→ **PROBLEM DETAILS**
Down to the last line of the listing, starting at the one with "Jennifer Connelly and", retype each line exactly. Do not copy the pictures.

→ **DATA SEGMENT**
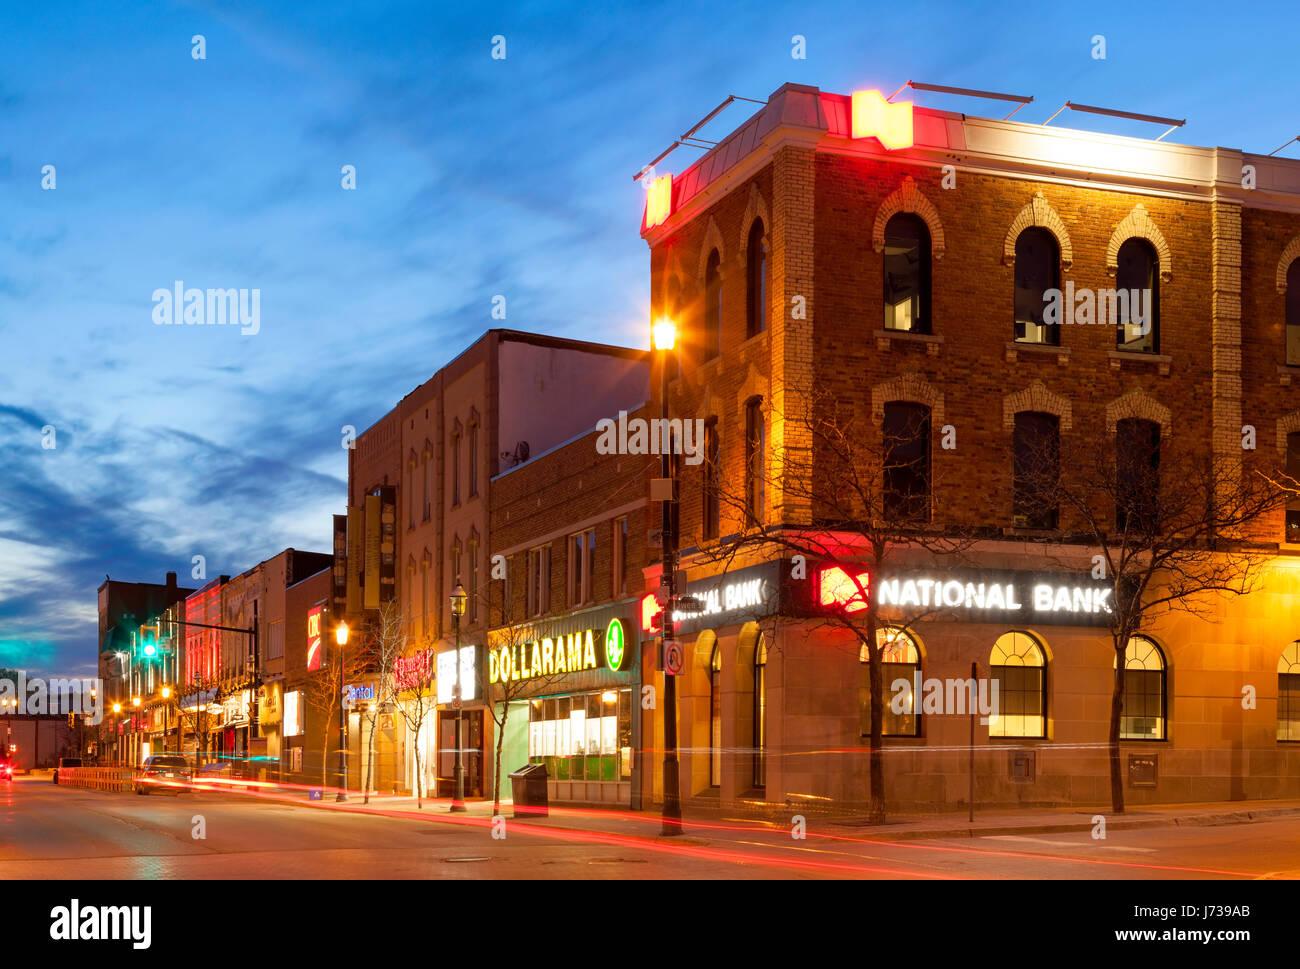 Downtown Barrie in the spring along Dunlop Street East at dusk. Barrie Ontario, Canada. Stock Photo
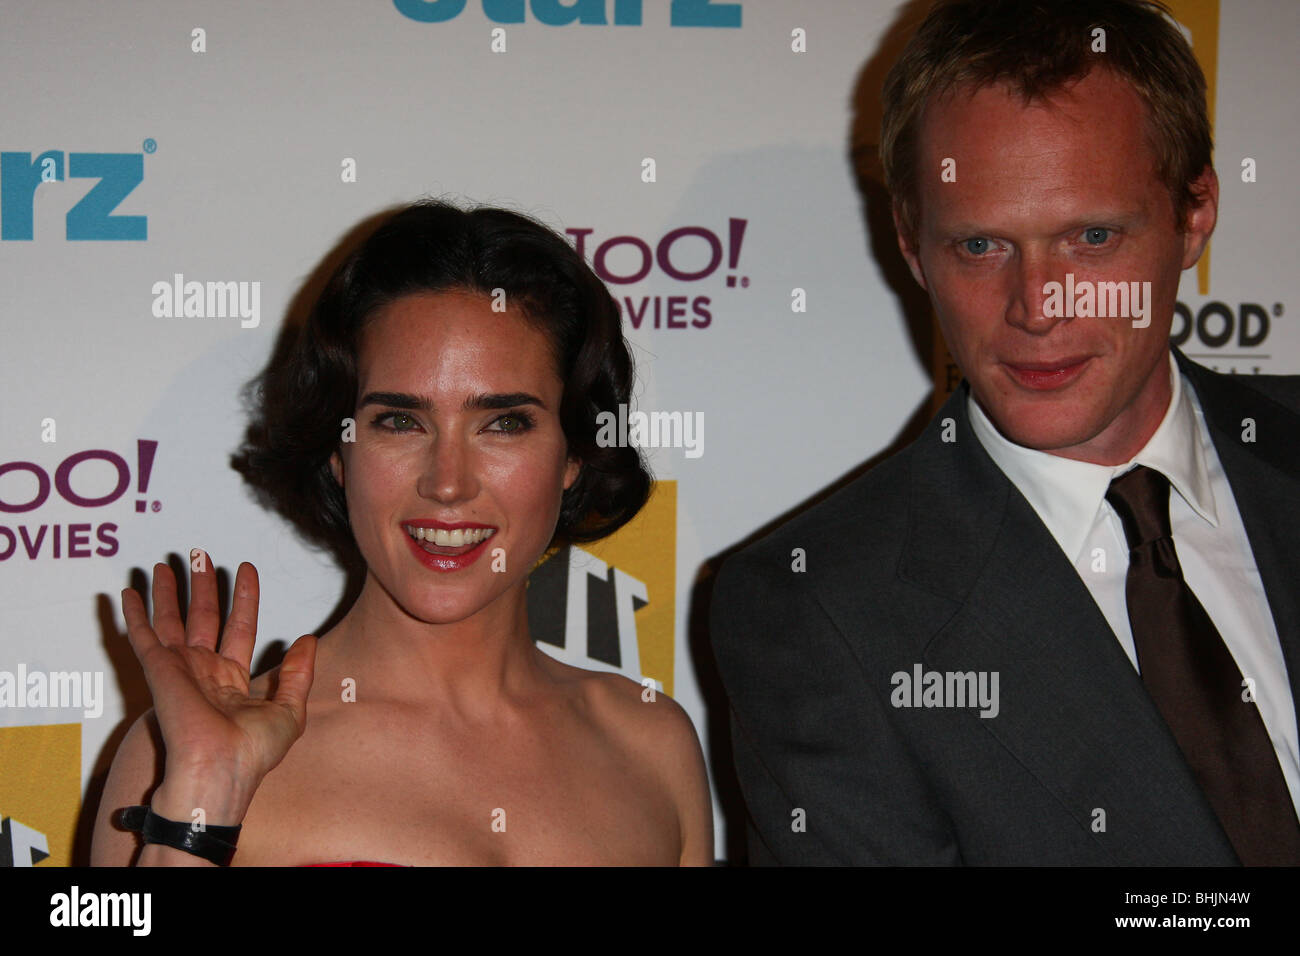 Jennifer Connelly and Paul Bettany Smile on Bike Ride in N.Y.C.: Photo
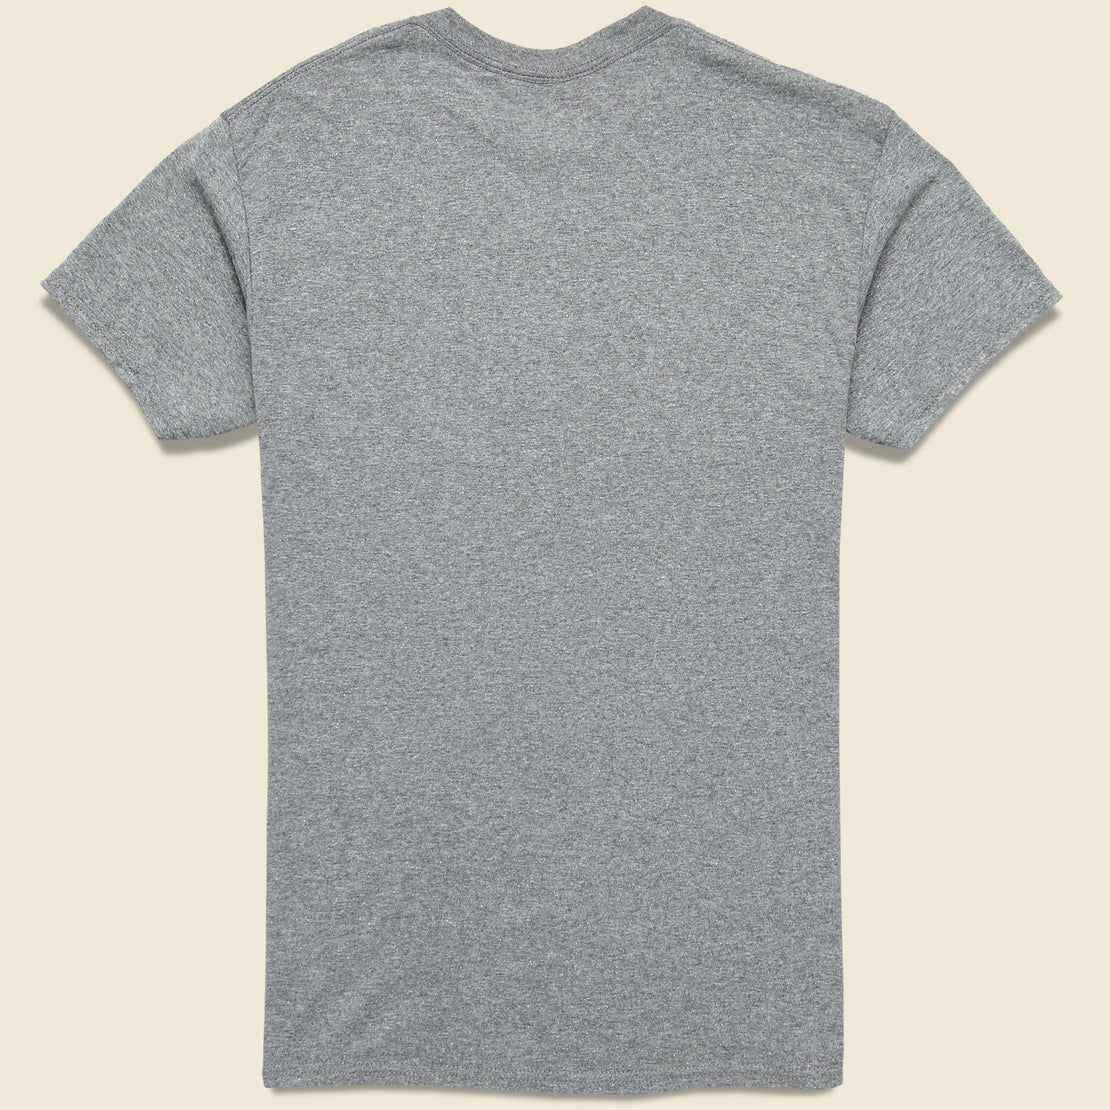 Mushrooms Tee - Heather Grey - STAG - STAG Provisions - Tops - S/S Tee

→ **FINISHED TASK**
 Jennifer Connelly and Paul Bettany Smile on Bike Ride in N.Y.C.: Photo
 Mushrooms Tee - Heather Grey - STAG - STAG Provisions - Tops - S/S Tee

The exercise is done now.